Since the attacks of September 11, 2001, the United States has leaned ever more heavily on its most elite troops. While U.S. Special Operations forces (USSOF or SOF) make up just 3% of American military personnel, they have absorbed more than 40% of the casualties of these years, mainly in America’s conflicts across the Greater Middle East and parts of Africa.

During this period, Special Operations Command (SOCOM) has grown in every way imaginable -- from its budget and size to the pace and the geographic sweep of its missions. For example, “Special Operations-specific funding,” which stood at $3.1 billion in 2001, has, according to SOCOM spokesman Ken McGraw, increased to approximately $13 billion today.

There were roughly 45,000 SOF personnel in 2001. Today, about 73,000 members of Special Operations Command -- military personnel and civilians -- are carrying out a broad range of activities that include counterterrorism, counterinsurgency, security force assistance, and unconventional warfare.

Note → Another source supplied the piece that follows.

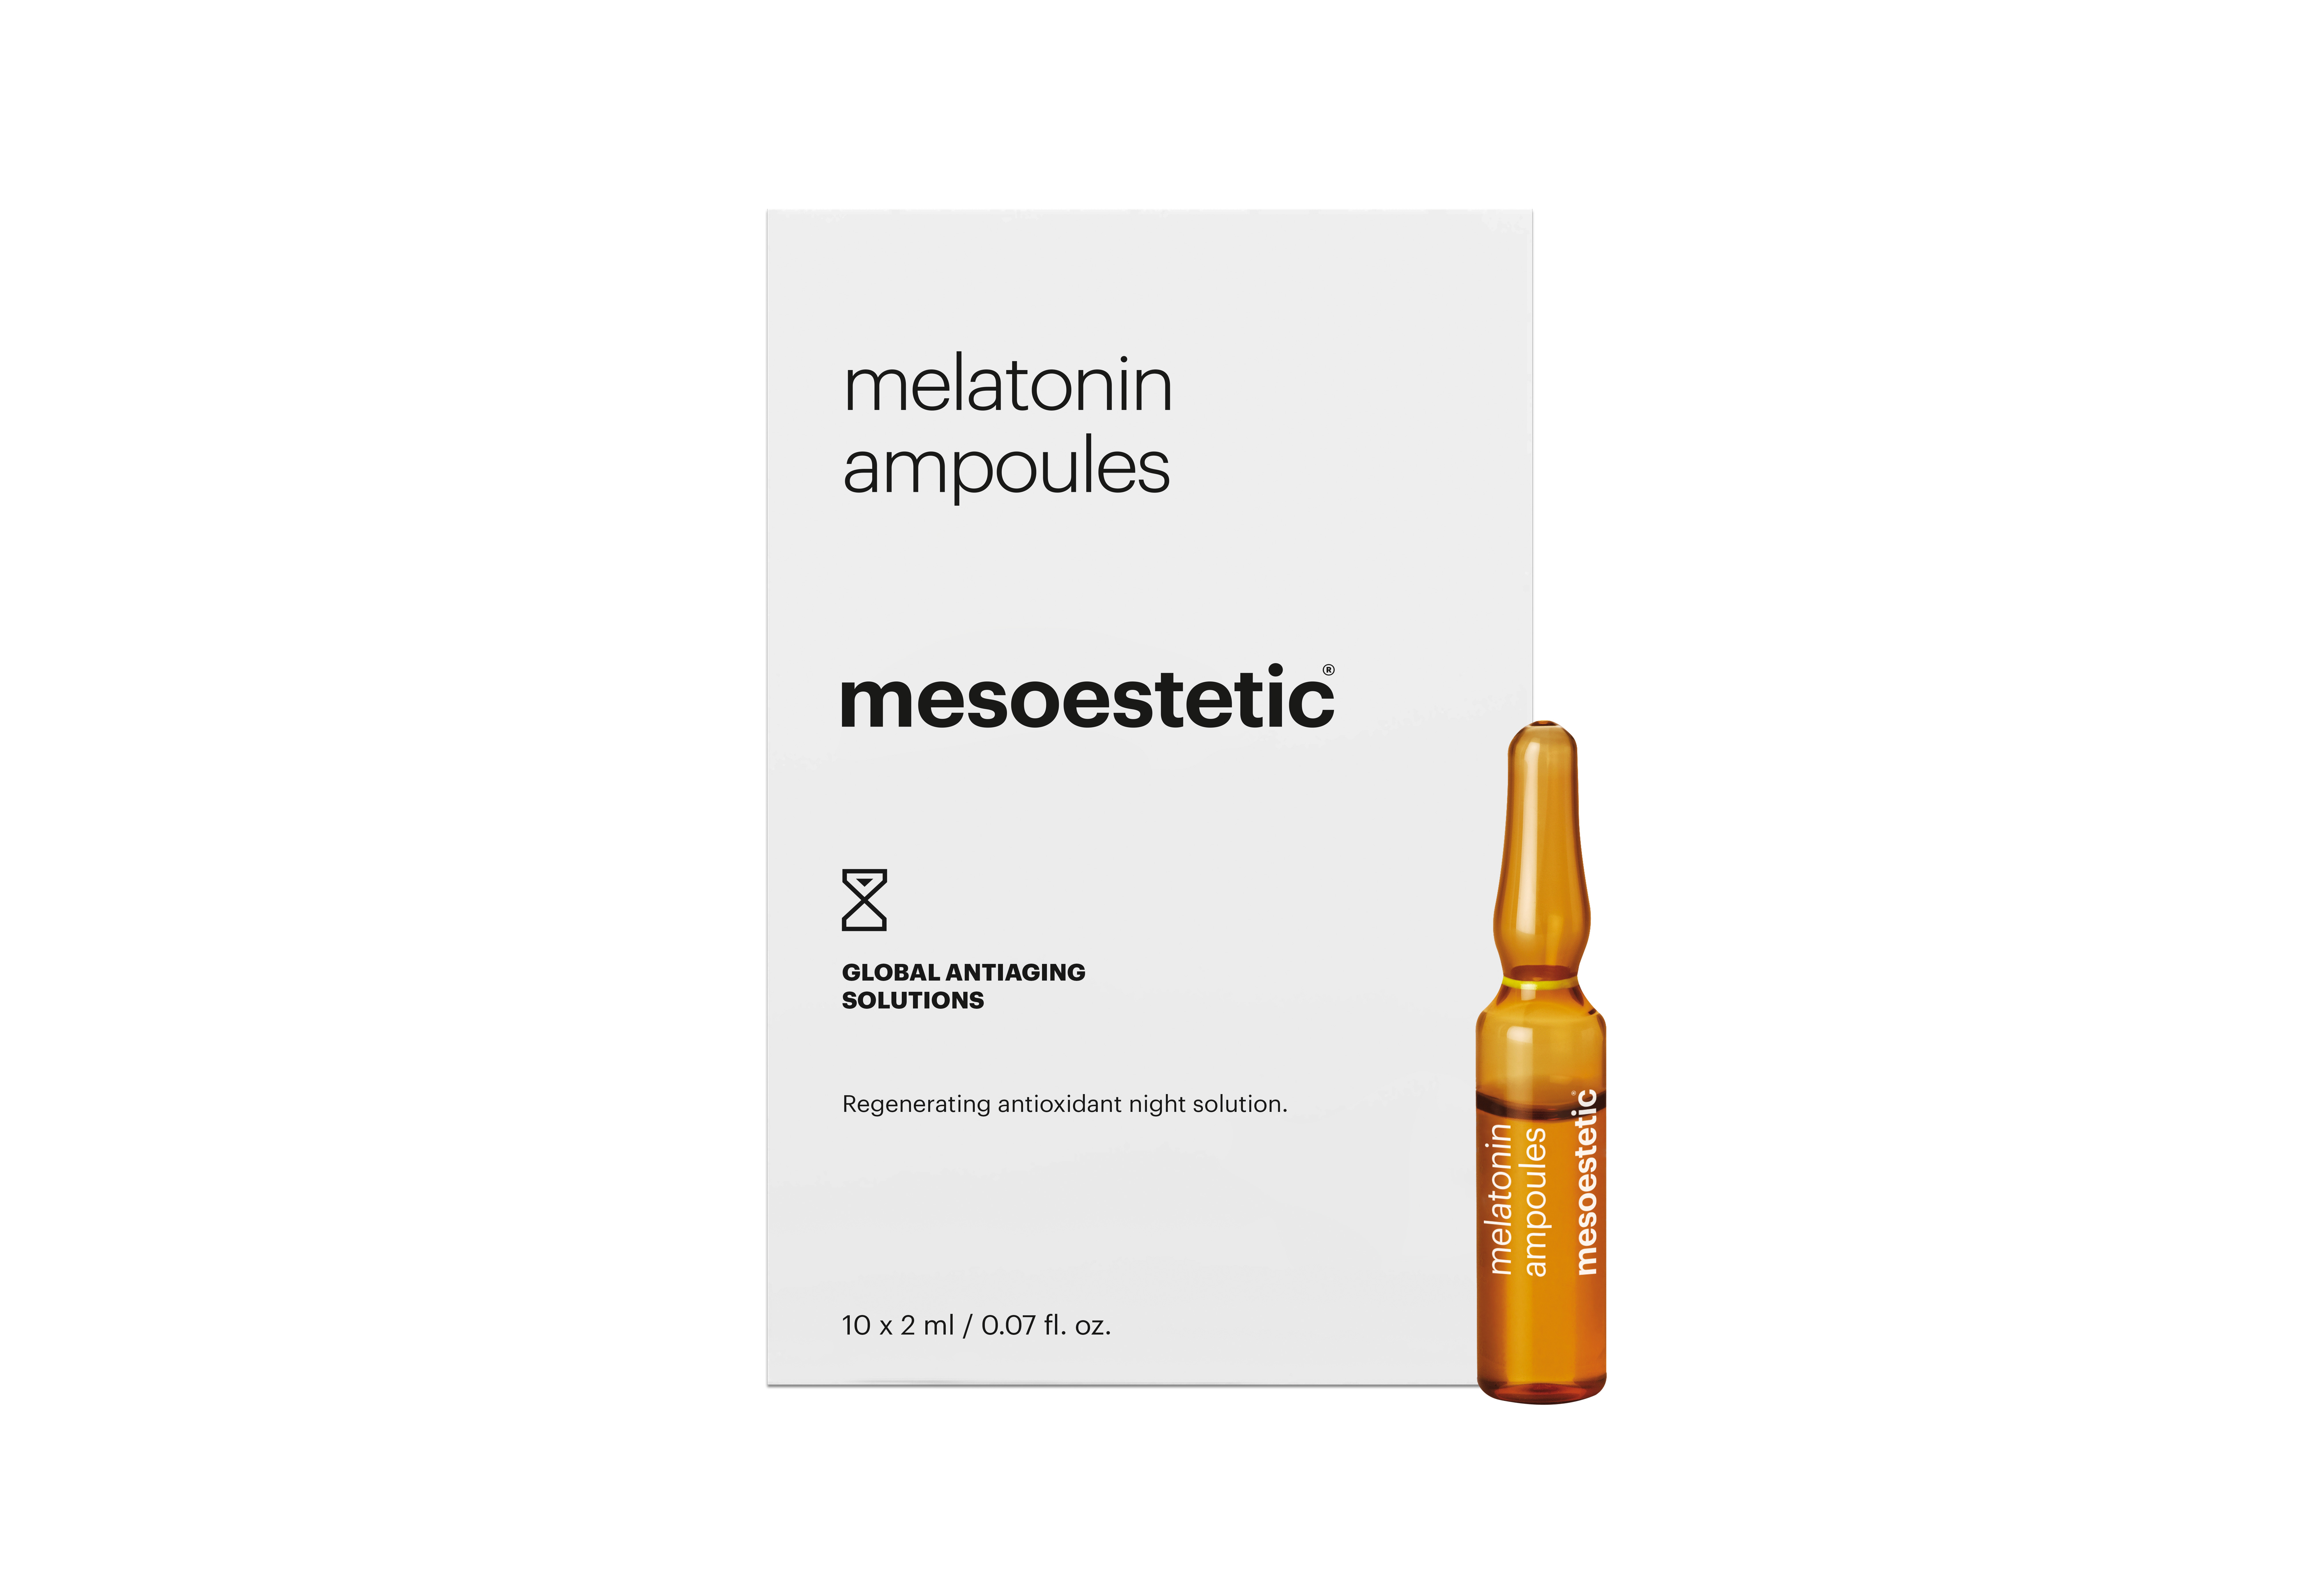 1) Melatonin ampoules_Product

In 2001, an average of 2,900 commandos were deployed overseas in any given week. That number now stands at 6,700, says SOCOM’s Ken McGraw....

In addition to questions about the efficacy of their tactics and strategy, Special Operations forces have recently been plagued by scandal and reports of criminal activity. “After several incidents of misconduct and unethical behavior threatened public trust and caused leaders to question Special Operations forces culture and ethics, USSOCOM initiated a Comprehensive Review,” reads the executive summary of a January report on the subject. But that review is itself a bit of a puzzle.